The vertical power semiconductor device may be based on a semiconductor body from a crystalline SiC semiconductor material having a band gap larger than the band gap of silicon, i.e. larger than 1.12 eV. For example, the semiconductor material may be 2H-SiC (SiC of the 2H polytype), 6H-SIC or 15R-SiC. According to an example, the semiconductor material is silicon carbide of the 4H polytype (4H-SiC). The semiconductor body may include or consist of a semiconductor substrate having none, one or more than one semiconductor layers, e.g. epitaxially grown layers, thereon.

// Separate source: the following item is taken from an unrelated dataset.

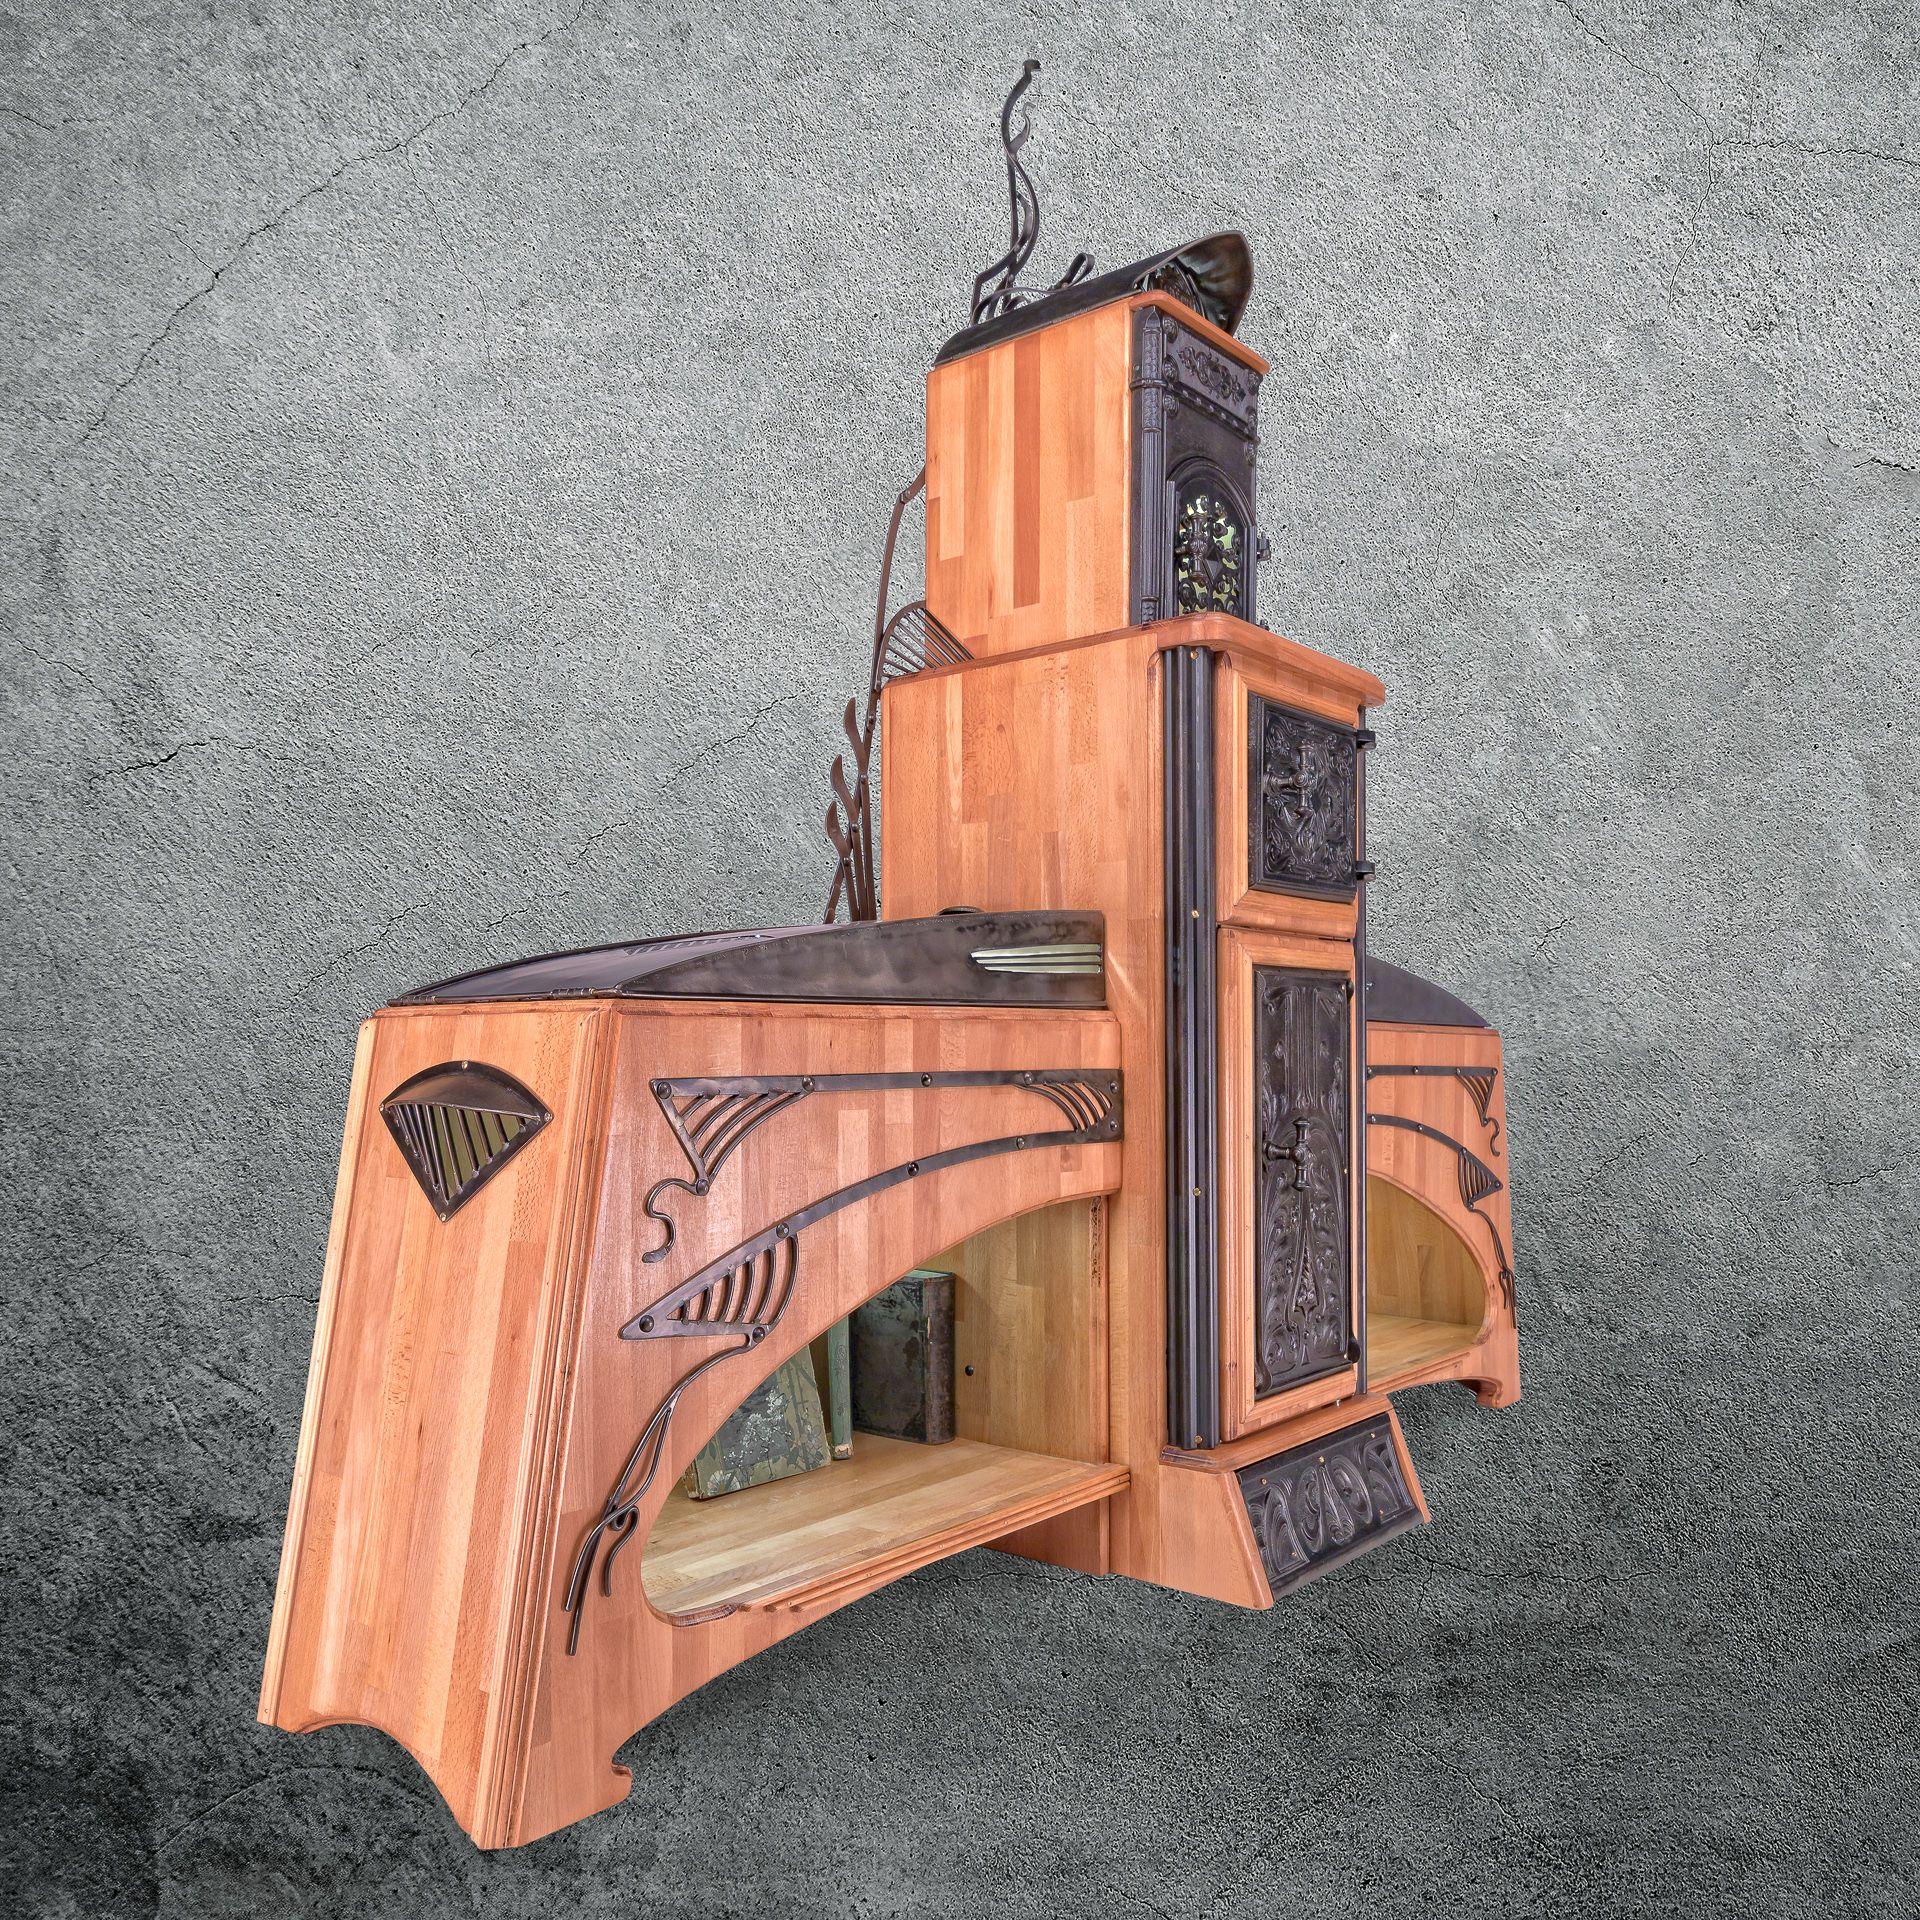 Schrank Aus Massivem Buchenholz Mit Massiven Guss Und Schmiedeeisen Und Led Beleuchtung Mit Bildern Design Buchenholz Jugendstil

The first surface may be a front surface or a top surface of the semiconductor body, and the second surface may be a back surface or a rear surface of the semiconductor body, for ex-ample. The semiconductor body may be attached to a lead frame via the second surface, for example. Over the first surface of the semiconductor body, bond pads may be arranged and bond wires may be bonded on the bond pads, for example.

For realizing a desired current carrying capacity, the vertical SiC power semiconductor device may be designed by a plurality of parallel-connected transistor cells. The parallel-connected transistor cells may, for example, be transistor cells formed in the shape of a strip or a strip segment. Of course, the transistor cells can also have any other shape, e.g. circular, elliptical, polygonal such as hexagonal or octahedral. The transistor cells are arranged in the transistor cell area of the SiC semiconductor body. The transistor cell area may be an active area where an emitter region of an IGBT (or a source region of a MOSFET) and a collector region of an IGBT (or a drain region of a MOSFET) are arranged opposite to one another along the vertical direction. In the active area, a load current may enter or exit the semiconductor body of the power semiconductor device, e.g. via contact plugs on the first surface of the SiC semiconductor body. The vertical power semiconductor device may further include an edge termination area that may include a termination structure. In a blocking mode or in a reverse biased mode of the vertical power semiconductor device, the blocking voltage between the transistor cell area and a field-free region laterally drops across the termination structure. The termination structure may have a higher or a slightly lower voltage blocking capability than the transistor cell area. The termination structure may include a junction termination extension (JTE) with or without a variation of lateral doping (VLD), one or more laterally separated guard rings, or any combination thereof, for example.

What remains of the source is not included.